> Activity: Your copy of the entries must be exact, and it must not include the pictures.

> Material for the task:
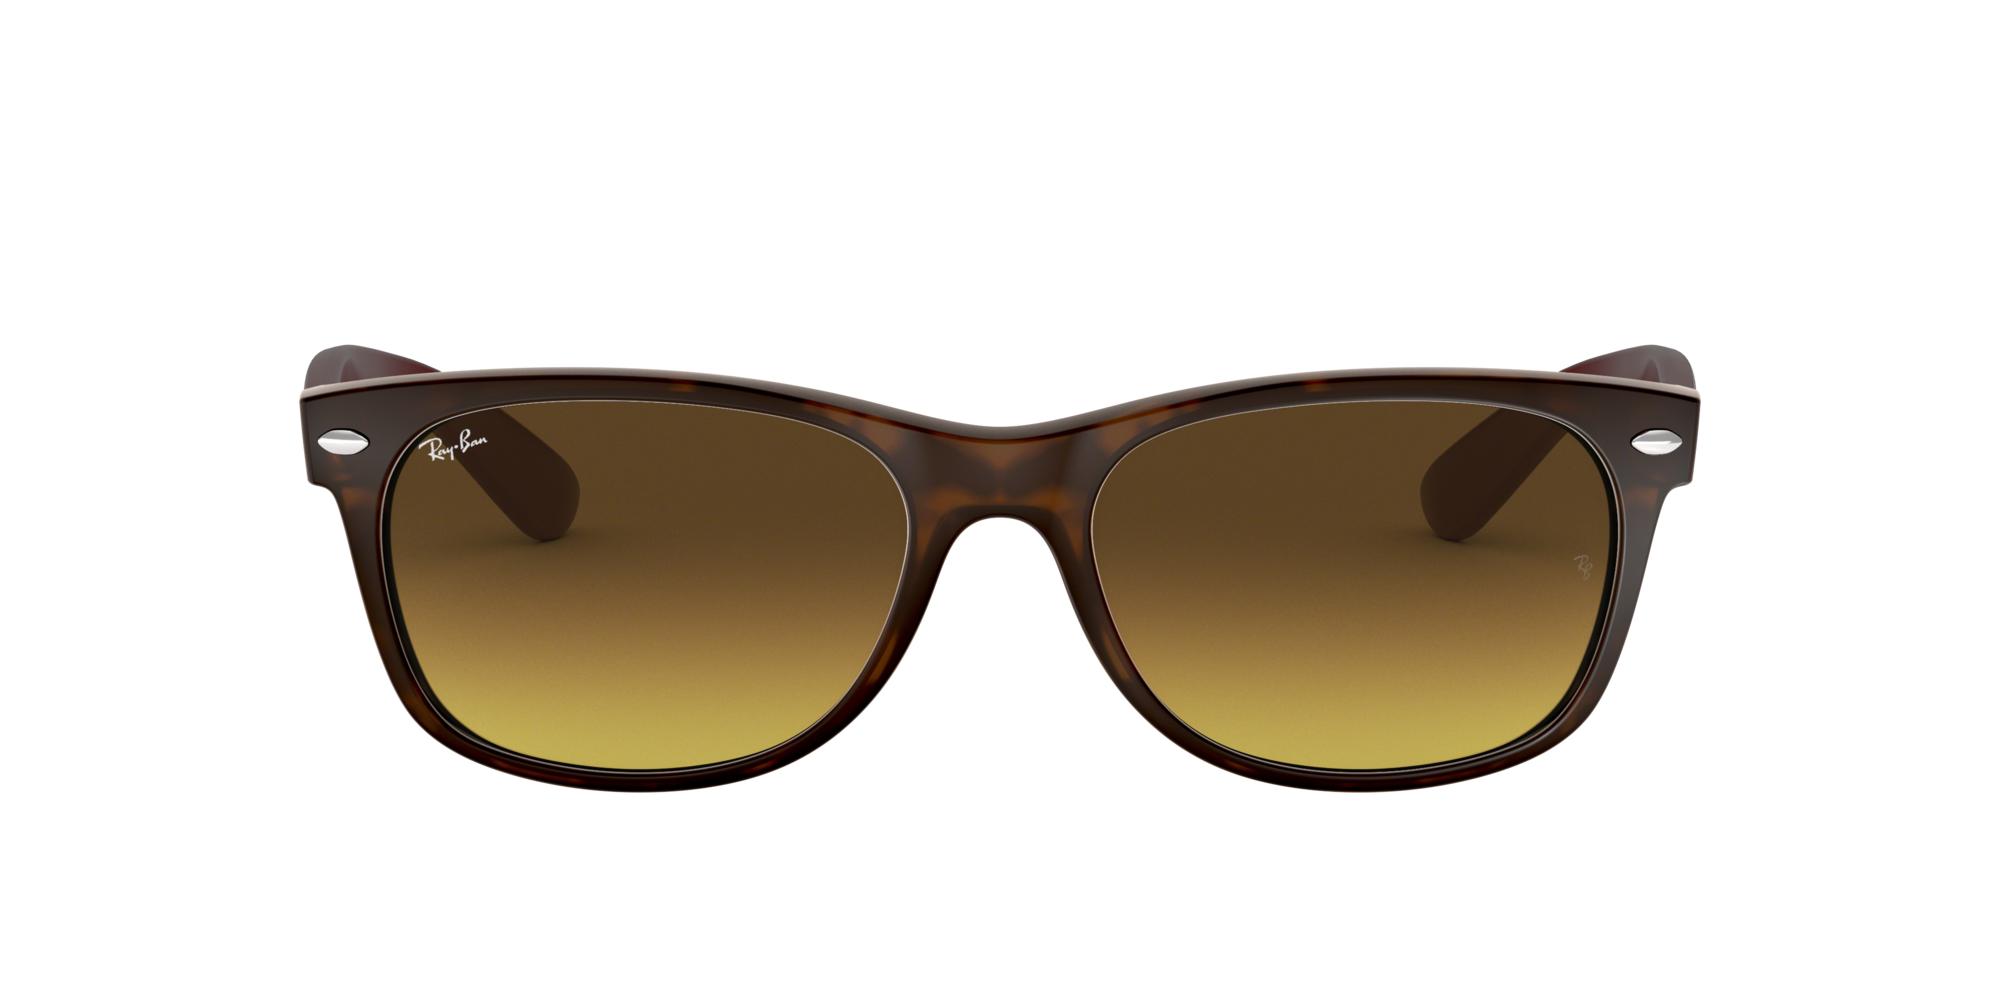 Ray-Ban Synthetic Rb2132 New Wayfarer Bicolor in Tortoise (Brown ...
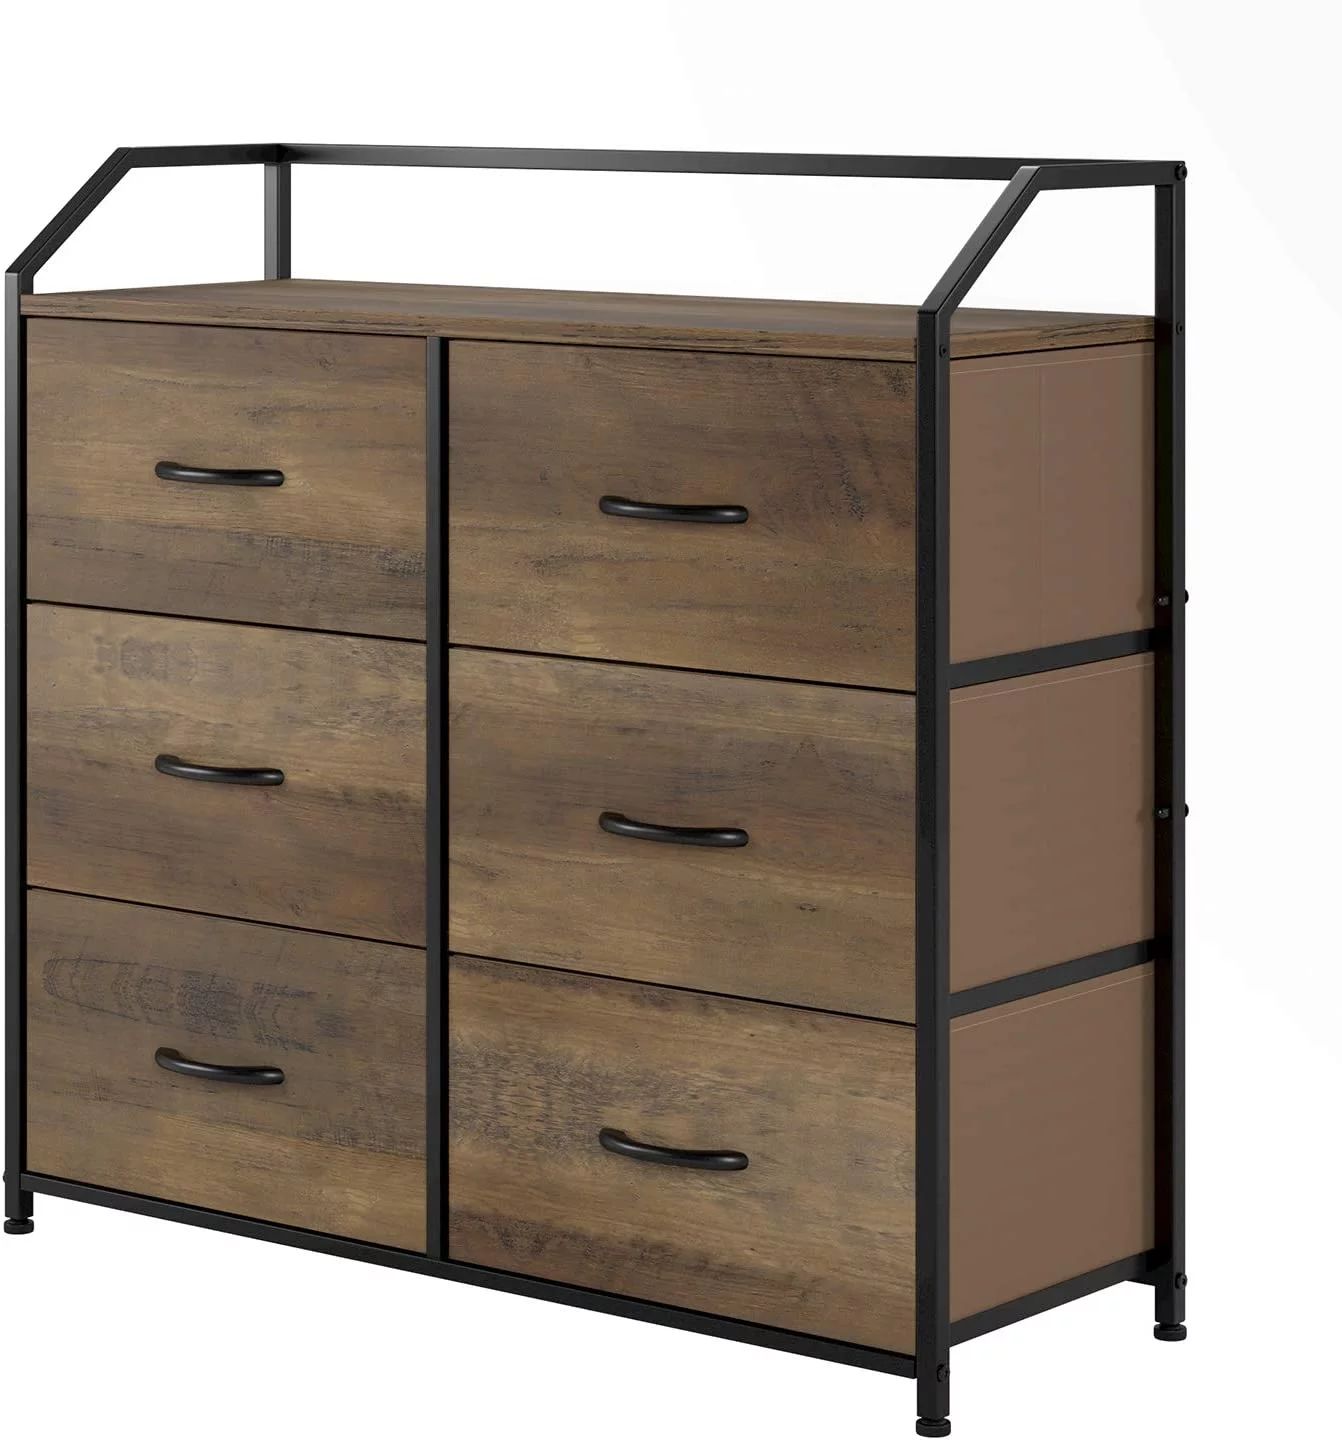 Dresser with 6 Fabric Drawers,Modern Storage Cabinet with Handles,Dresser for Bedroom,Rustic Brow... | Walmart (US)
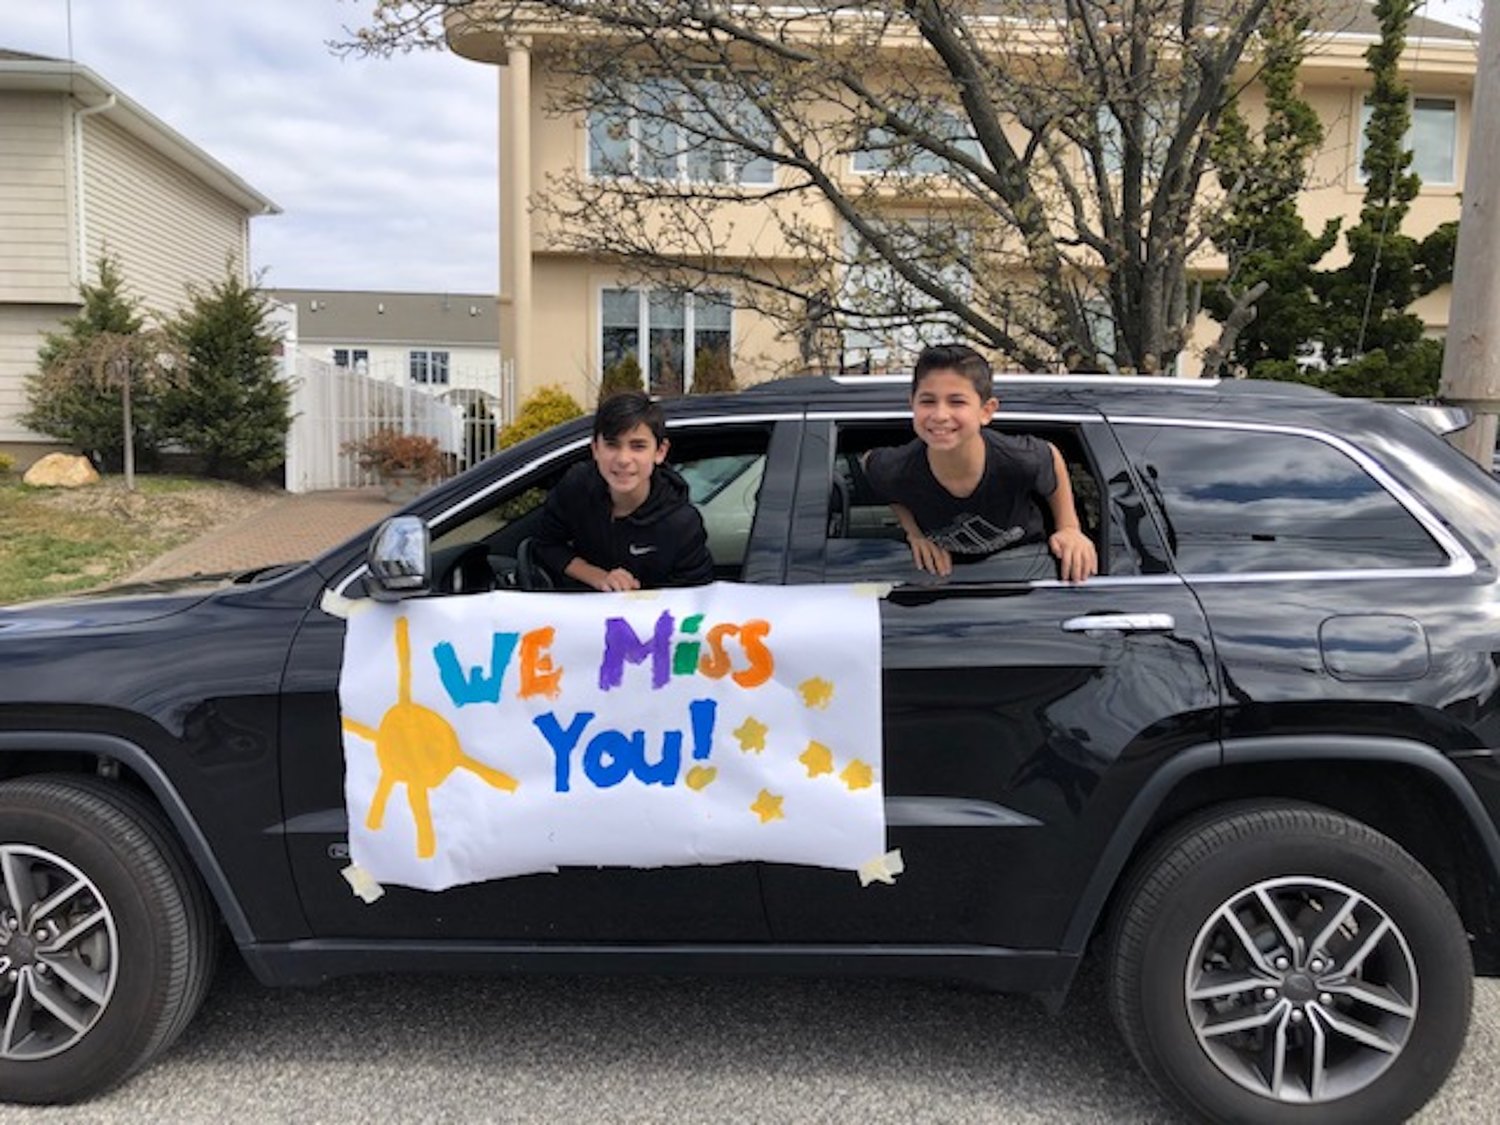 Brothers Jayden, 12, and Jared Eisenberg, 10, used their parents’ car to send a special message to their teachers.
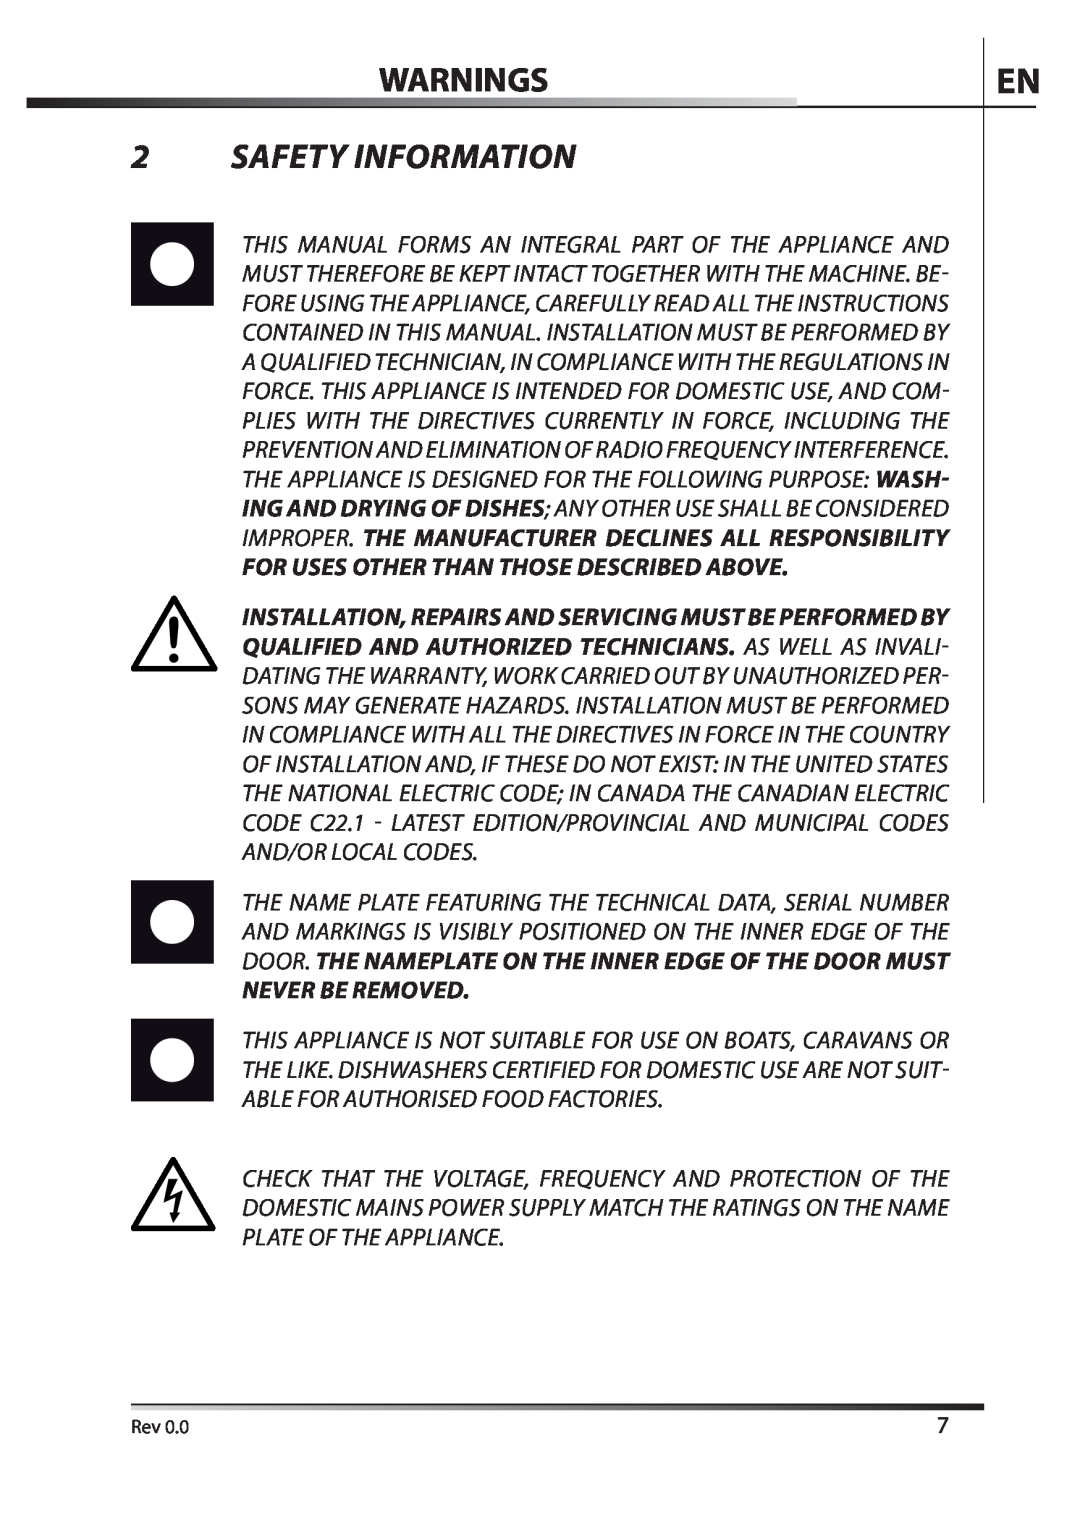 AEG F89078VI-M user manual Warnings, Safety Information, For Uses Other Than Those Described Above, Never Be Removed 
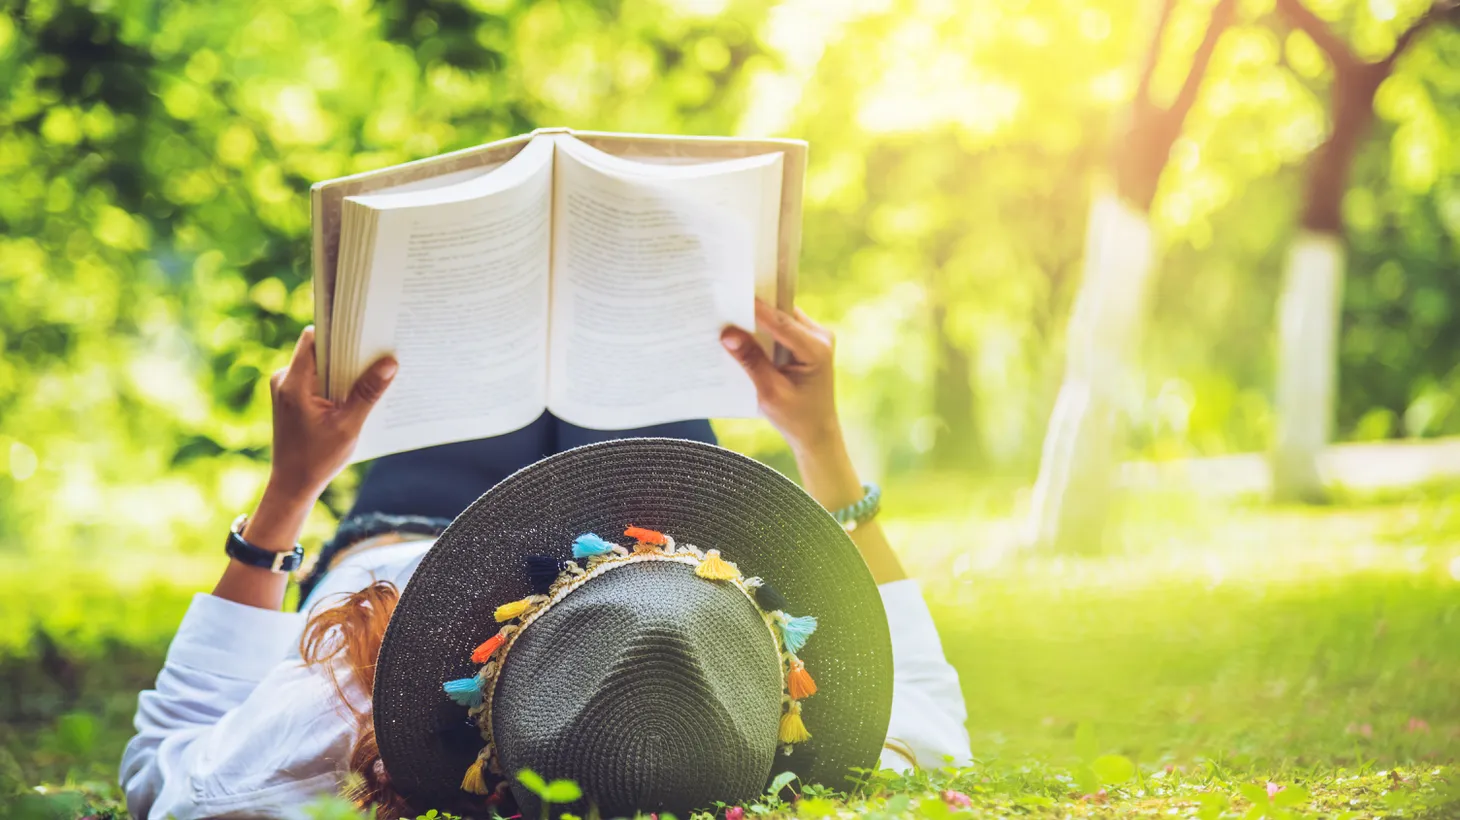 From climate change nonfiction to short stories and a mystery novel, KCRW gets recommendations for summer reading.
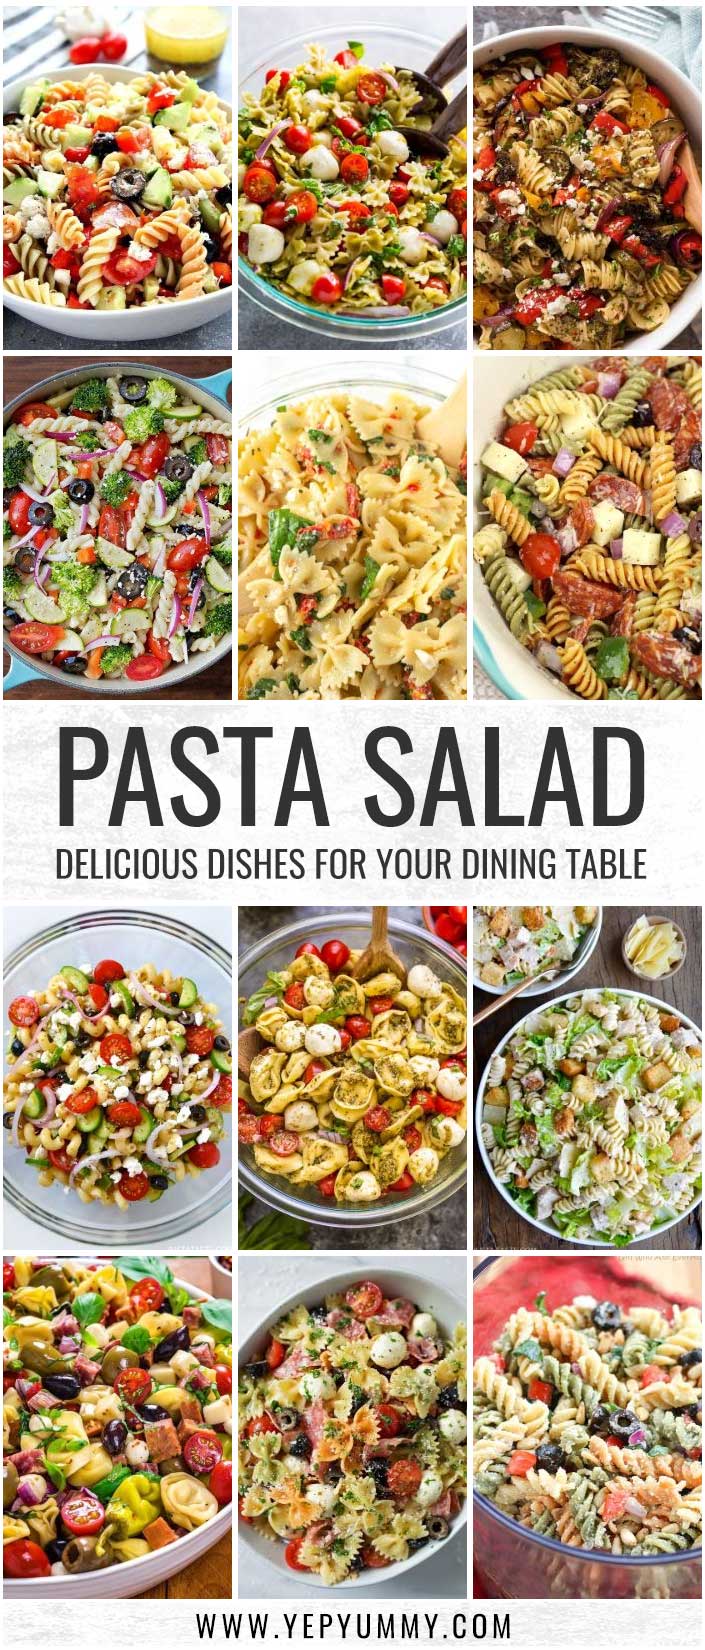 Pasta Salad: Delicious Dishes For Your Dining Table

> Answer to this task:
 Ray-Ban Synthetic Rb2132 New Wayfarer Bicolor in Tortoise (Brown ...
 Dresser with 6 Fabric Drawers,Modern Storage Cabinet with Handles,Dresser for Bedroom,Rustic Brow... | Walmart (US)
 Brothers Jayden, 12, and Jared Eisenberg, 10, used their parents’ car to send a special message to their teachers.
 AEG F89078VI-M user manual Warnings, Safety Information, For Uses Other Than Those Described Above, Never Be Removed 
 From climate change nonfiction to short stories and a mystery novel, KCRW gets recommendations for summer reading.
 Pasta Salad: Delicious Dishes For Your Dining Table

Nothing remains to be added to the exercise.